Downloading resource 0...
Downloading Electric_Vehicle_Population_Data [β–ˆβ–ˆβ–ˆβ–ˆβ–ˆβ–ˆβ–ˆβ–ˆβ–ˆβ–ˆβ–ˆβ–ˆβ–ˆβ–ˆβ–ˆβ–ˆβ–ˆβ–ˆβ–ˆβ–ˆβ–ˆβ–ˆβ–ˆβ–ˆβ–ˆβ–ˆβ–ˆβ–ˆβ–ˆβ–ˆβ–ˆβ–ˆβ–ˆβ–ˆβ–ˆβ–ˆβ–ˆβ–ˆβ–ˆβ–ˆ] 2.1MB/2.1MB (3.2MB/s, 0s)
Success! Downloaded to: ./Electric_Vehicle_Population_Data.csv

data.gov> list organizations
Fetching organizations...

Government organizations:
 1. agency-for-international-development
 2. department-of-agriculture
 3. department-of-commerce
 4. department-of-defense
 5. department-of-education

Scripting with Shebang

The interactive REPL can be used in shebang scripts to create automated data.gov workflows.
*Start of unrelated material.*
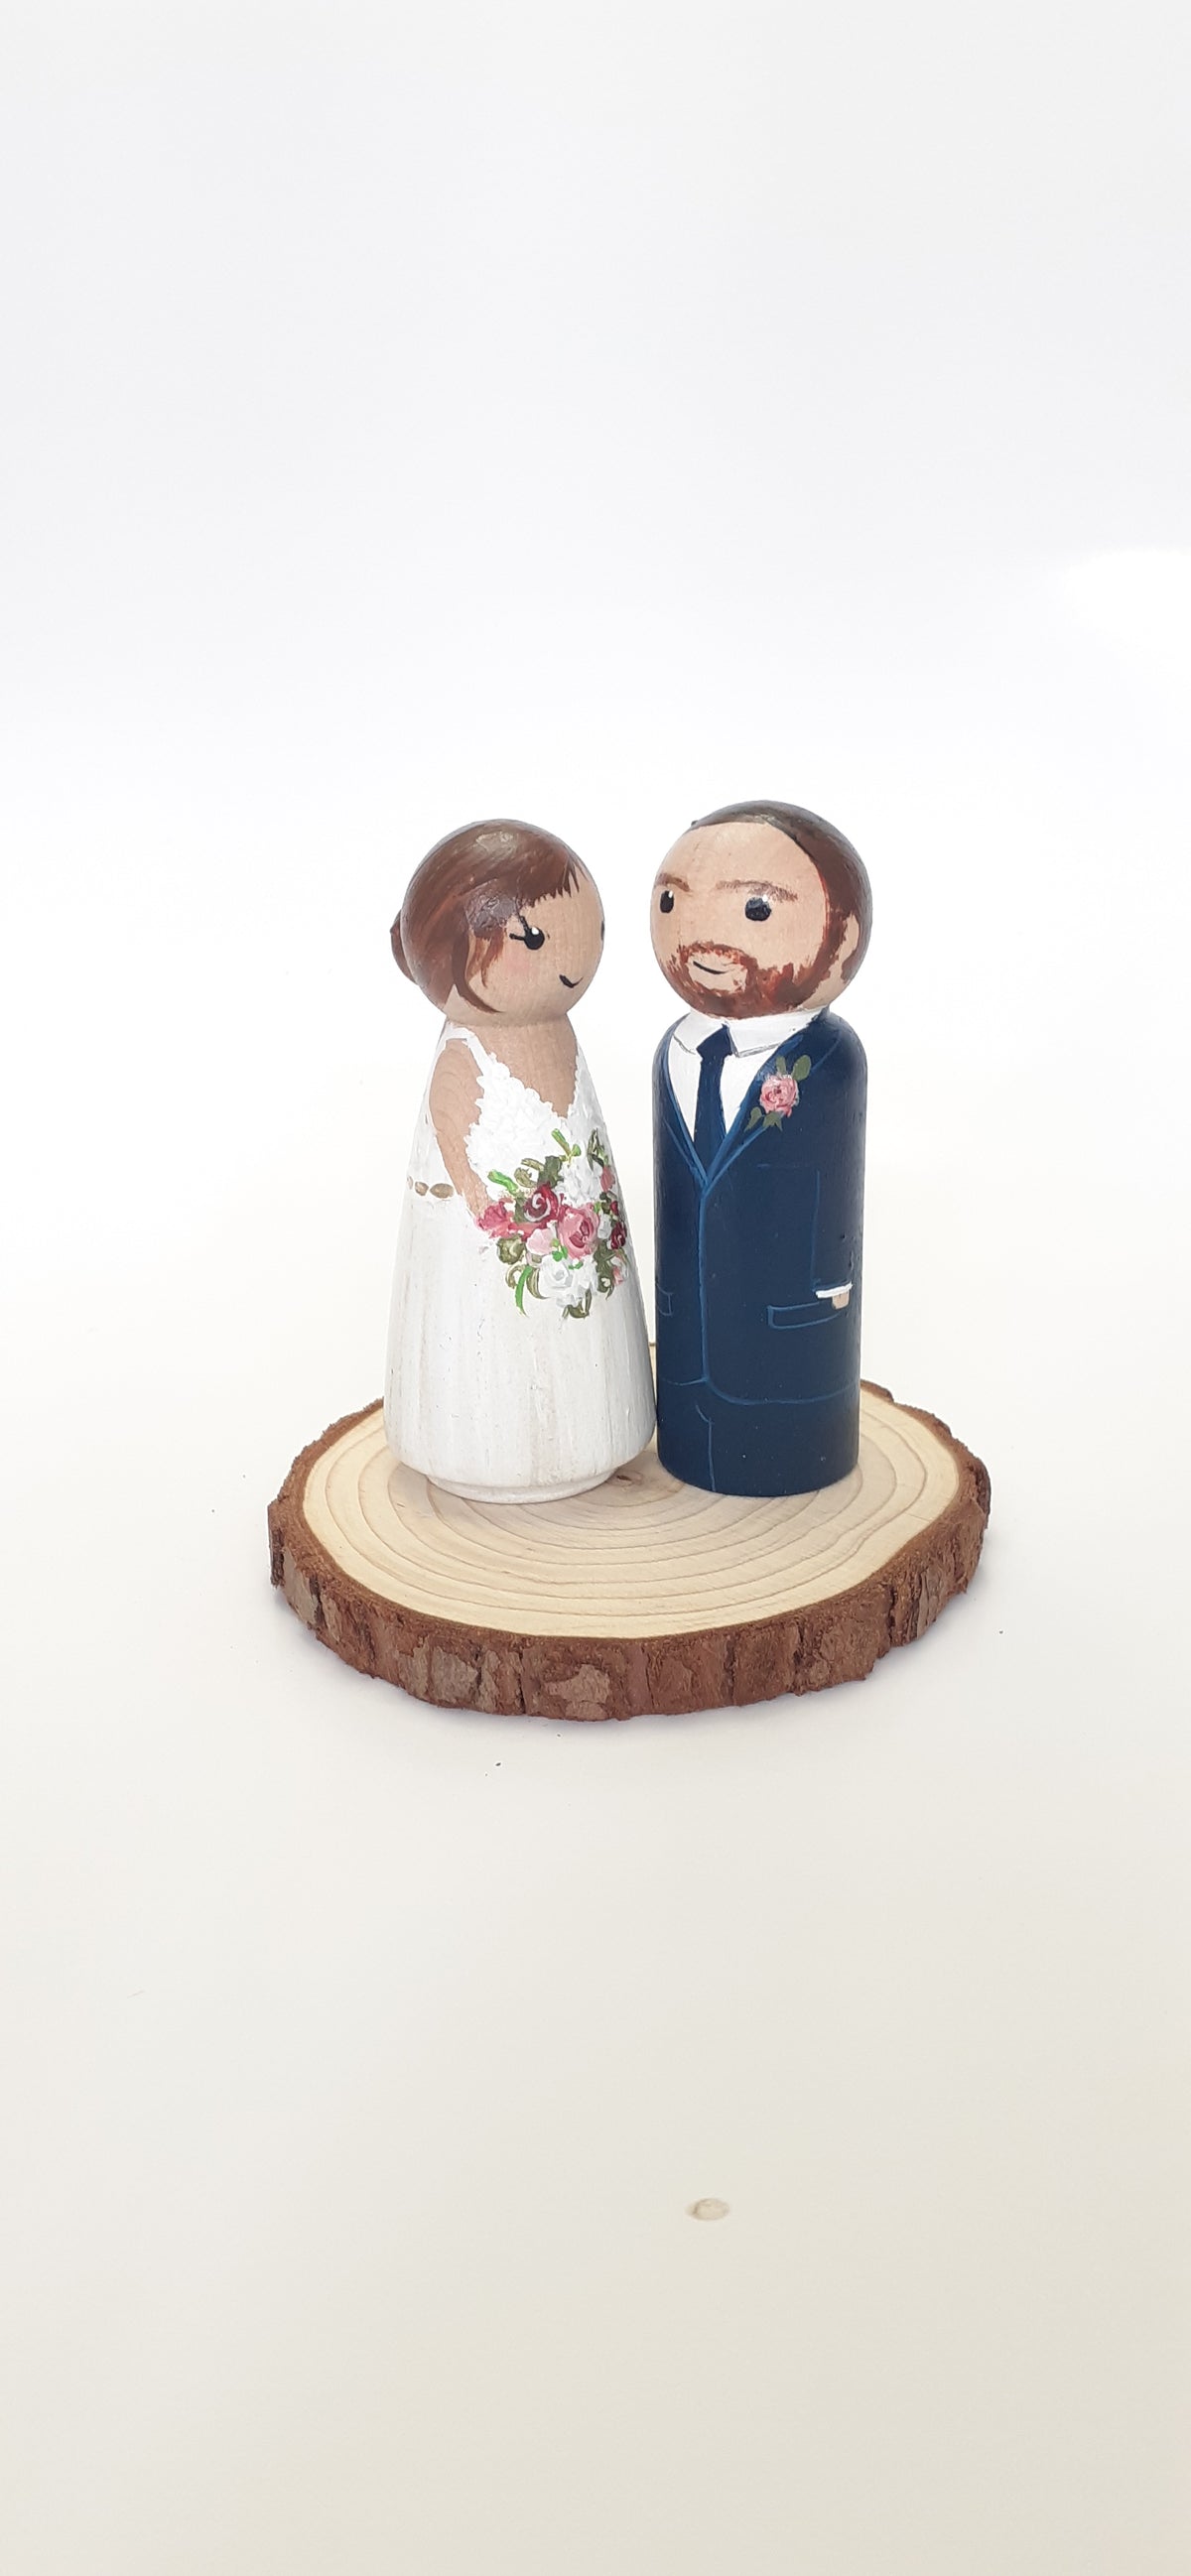 Customized Wedding Cake Topper, personalized peg dolls

The tool automatically ignores comment lines (starting with #) and processes commands from stdin.

Creating a Script

Create an executable script with a shebang line:

#!/usr/bin/env data-gov
# Automated climate data download
# This script searches for and downloads EPA climate data

# Search for climate datasets
search climate EPA 3

# Show details of a specific dataset
show supply-chain-greenhouse-gas-emission-factors-v1-3-by-naics-6

# Download the first resource
download supply-chain-greenhouse-gas-emission-factors-v1-3-by-naics-6 0

# Show final info
info
quit

Running Scripts

Make the script executable and run it:

chmod +x climate-download.sh
./climate-download.sh

Script Features

  • Comments: Lines starting with # are ignored (including shebang)
  • Automation: No interactive prompts - runs commands sequentially
  • REPL Mode: Uses interactive mode defaults (downloads to ~/Downloads/<dataset>/)
  • Error Handling: Continues execution even if individual commands fail
  • Clean Output: Same colorized output as interactive mode

Example Scripts

See the examples/ directory for sample scripts:

  • climate-search.sh - Search and explore climate datasets
  • download-epa-climate.sh - Download EPA climate data
  • list-orgs.sh - List all government organizations
  • auto-download.sh - Automated dataset download

CLI Examples

# Search for climate datasets (limit to 5 results)
$ data-gov search "climate change" 5
Searching for 'climate change 5'...

Found 15432 results:

 1. climate-data-online Climate Data Online
   Climate Data Online provides access to data from weather stations, 
   climate monitoring networks...

 2. global-climate-change-impacts Global Climate Change Impacts
   The U.S. Global Change Research Program coordinates federal research...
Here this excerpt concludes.